- [WHAT YOU NEED TO DO]:
Return the data exactly, without pictures.

───── RAW DATA ─────

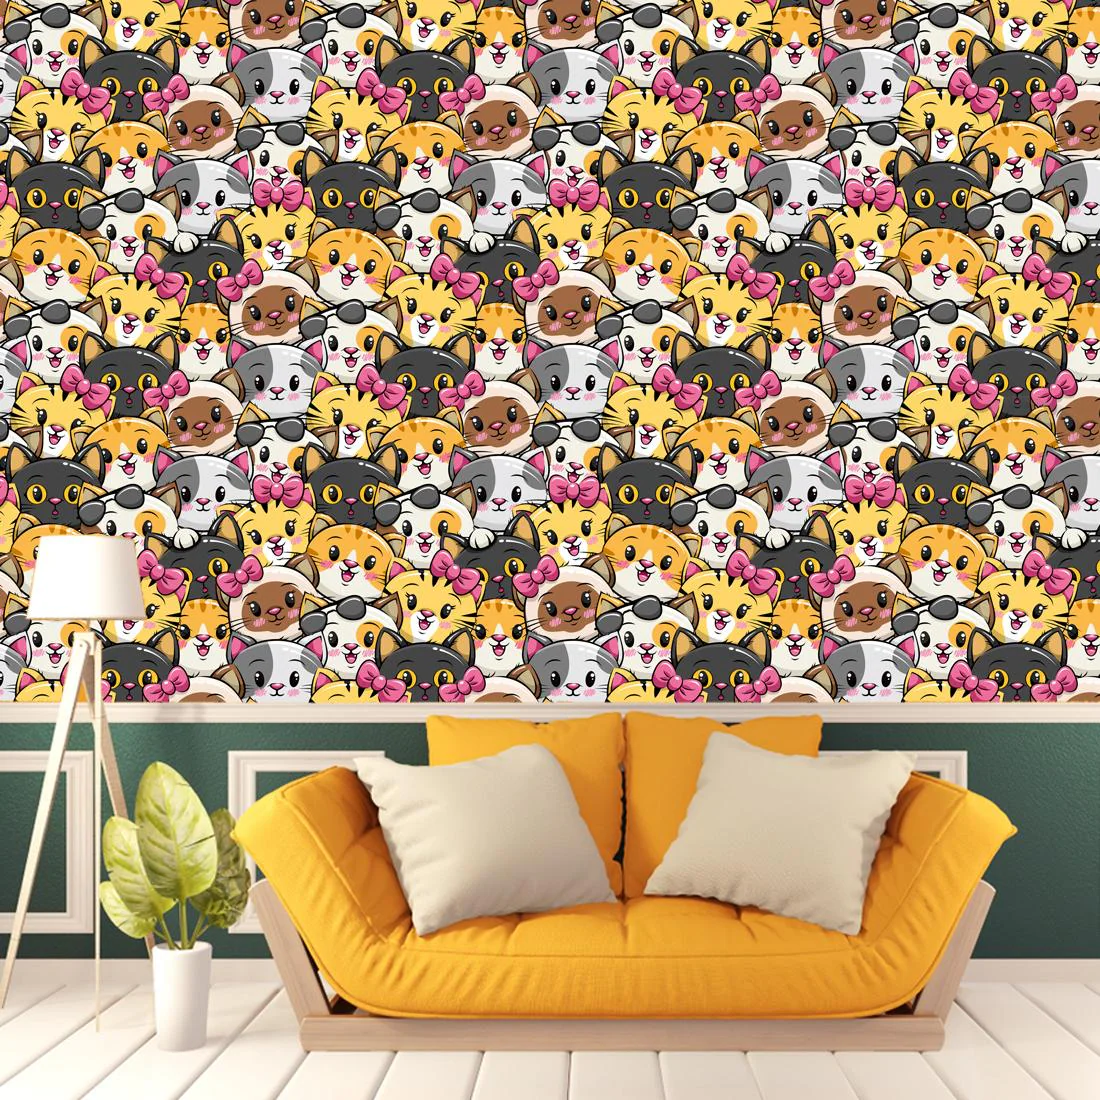 WallWear Wallpapers & Wall Stickers Model (CatFaces) Pack Of 1 Roll  (40x300) cm Wallpaper For Walls Self Adhesive Peel and Stick For Home|  Kitchen| Bedroom| Drawing Room Décor - JioMart
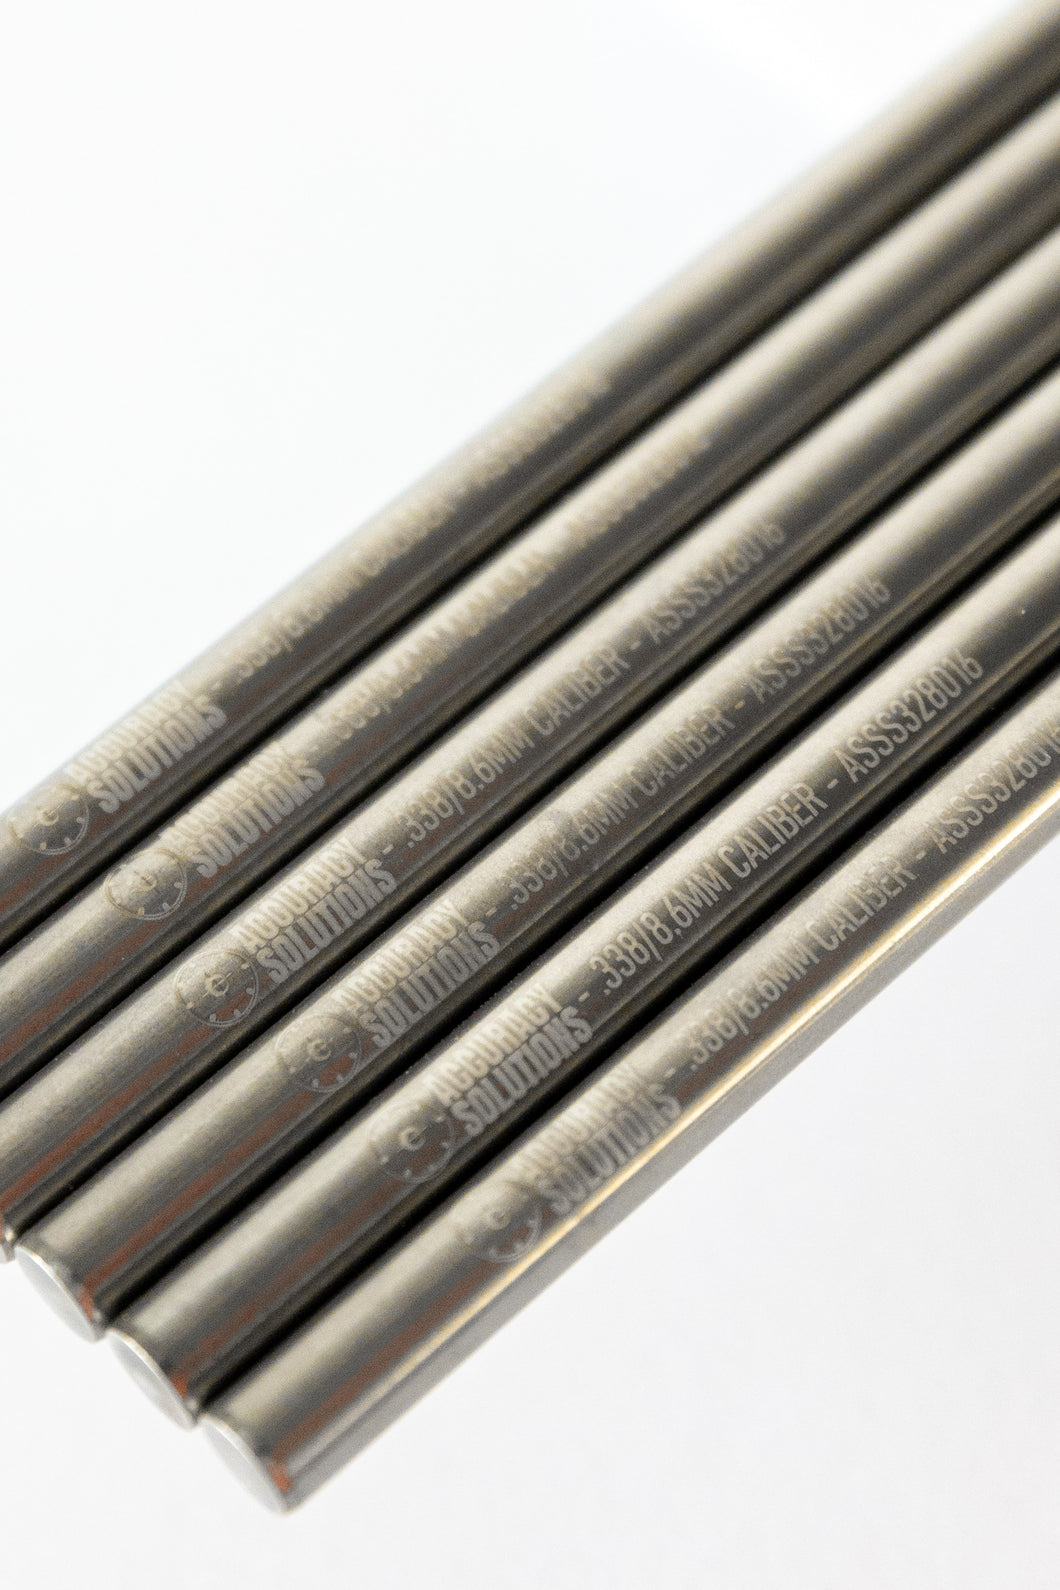 .338/8.6 Blackout Stainless Steel Bore Alignment Rod
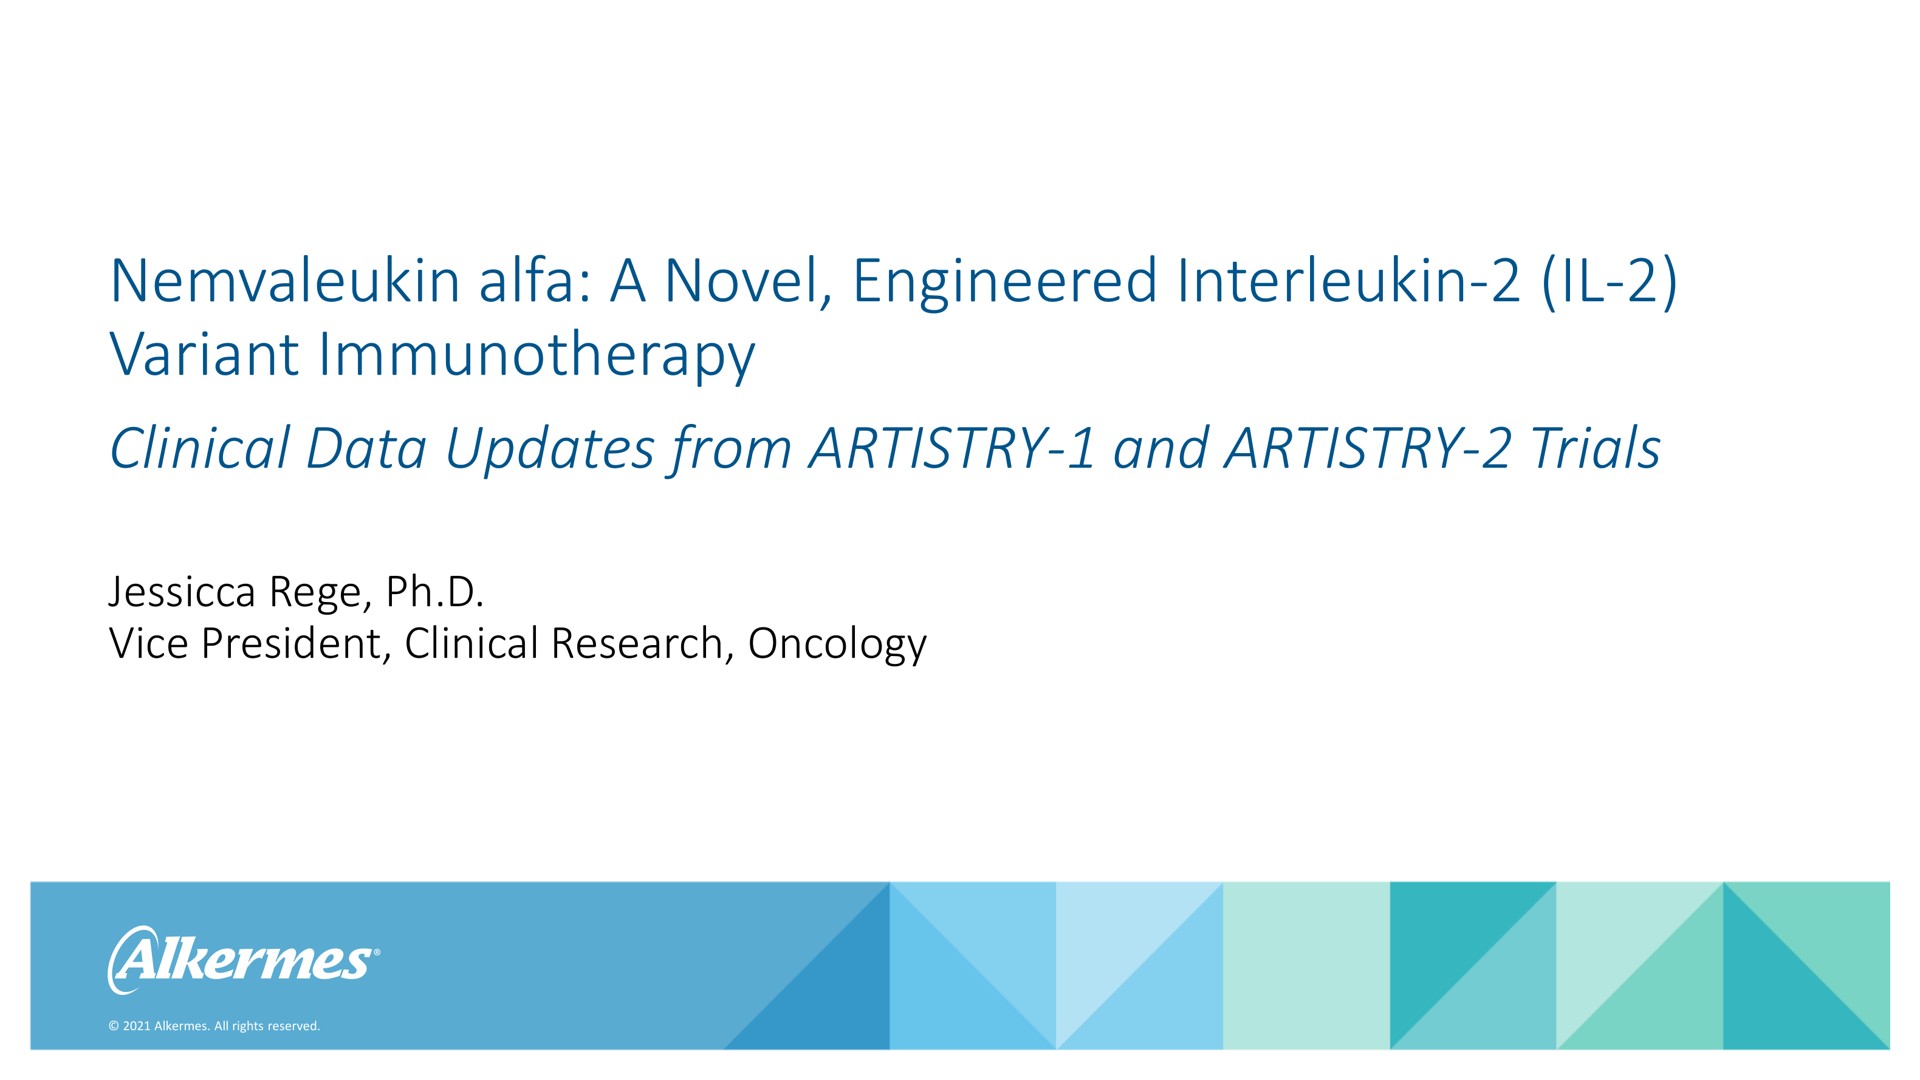 alfa a novel engineered variant clinical data updates from artistry and artistry trials vice president clinical research oncology a | Alkermes

─────

- [ANSWER FOR THIS EXERCISE]:
 WallWear Wallpapers & Wall Stickers Model (CatFaces) Pack Of 1 Roll  (40x300) cm Wallpaper For Walls Self Adhesive Peel and Stick For Home|  Kitchen| Bedroom| Drawing Room Décor - JioMart
 .338/8.6 Blackout Stainless Steel Bore Alignment Rod
 alfa a novel engineered variant clinical data updates from artistry and artistry trials vice president clinical research oncology a | Alkermes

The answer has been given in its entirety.